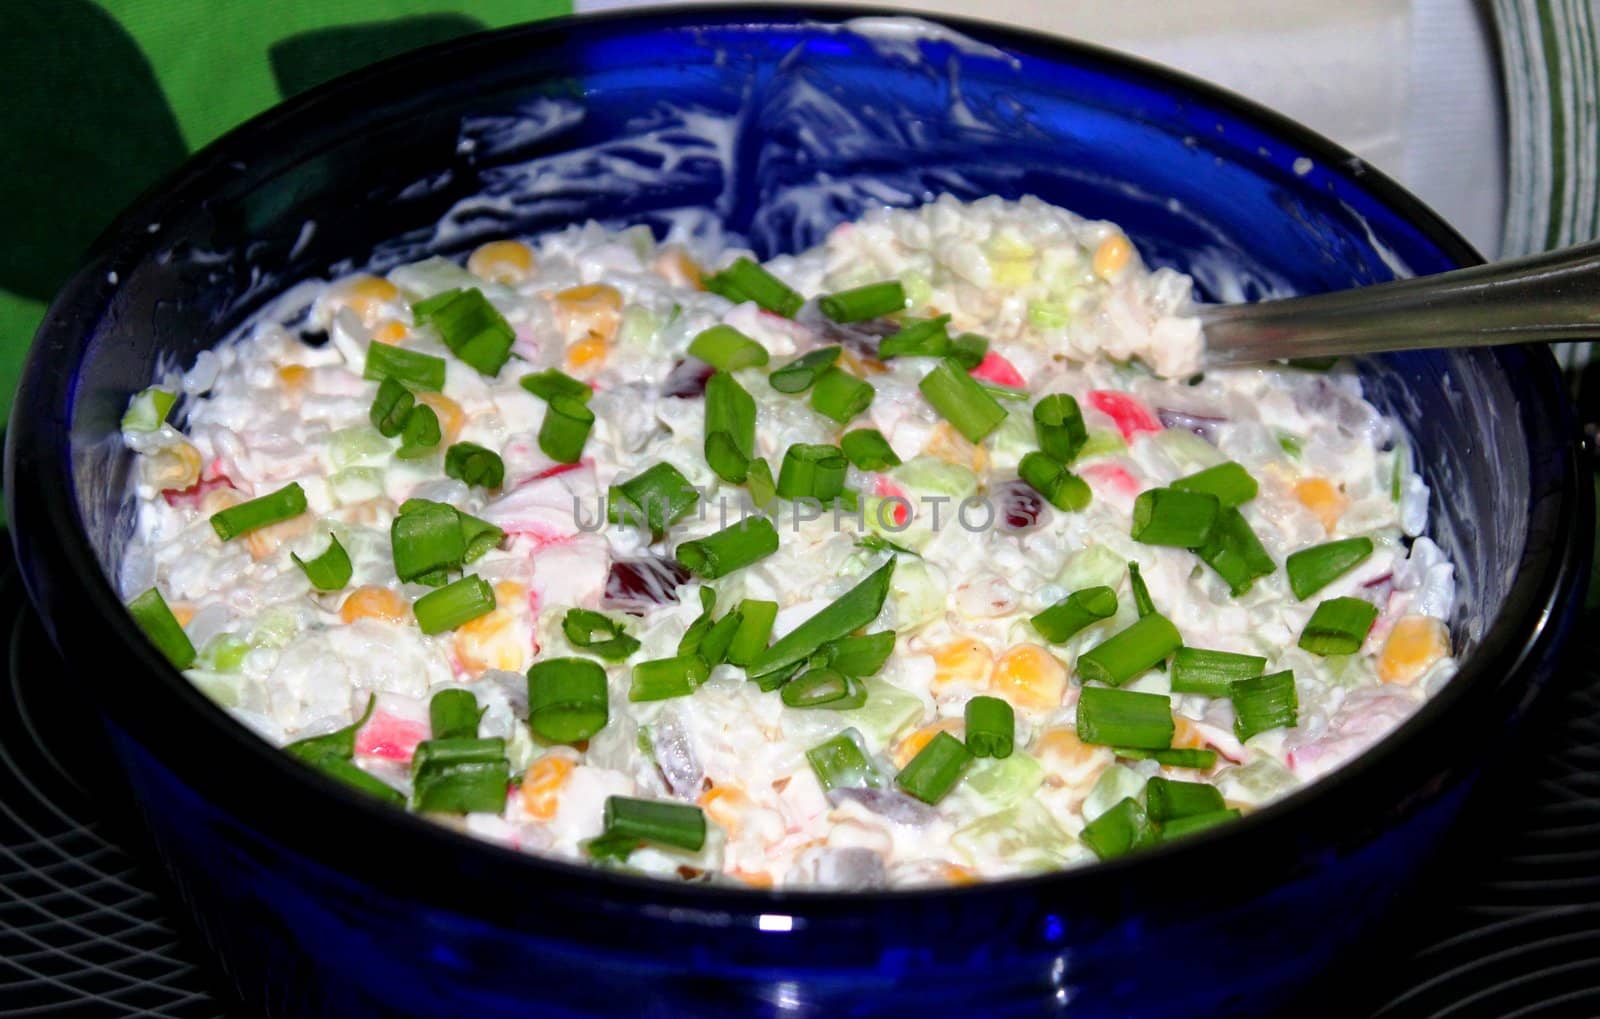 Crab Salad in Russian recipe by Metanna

++++++++

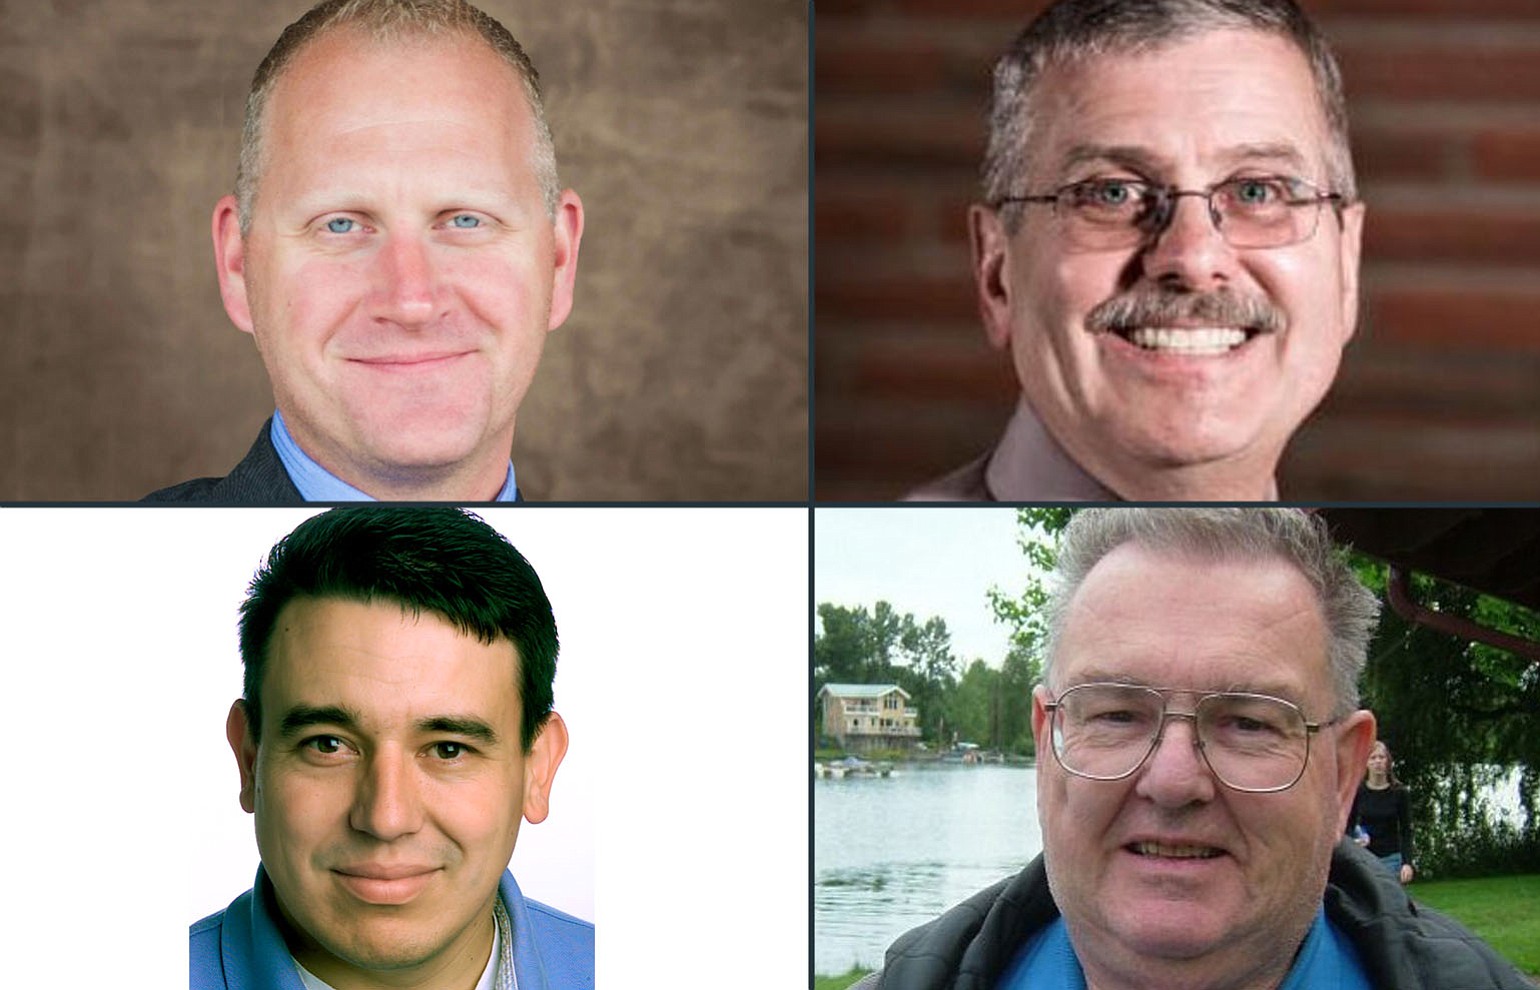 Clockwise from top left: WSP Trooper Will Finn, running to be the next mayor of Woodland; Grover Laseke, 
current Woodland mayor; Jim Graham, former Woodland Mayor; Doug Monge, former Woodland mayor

++++++++

## Assignment:
Looking at the listing above, which lines run from the one containing "Clockwise from top" through the one containing "current Woodland mayor;"? Print exactly those, ends included, pictures excluded.

## Reply to the exercise:
 Clockwise from top left: WSP Trooper Will Finn, running to be the next mayor of Woodland; Grover Laseke, 
current Woodland mayor; Jim Graham, former Woodland Mayor; Doug Monge, former Woodland mayor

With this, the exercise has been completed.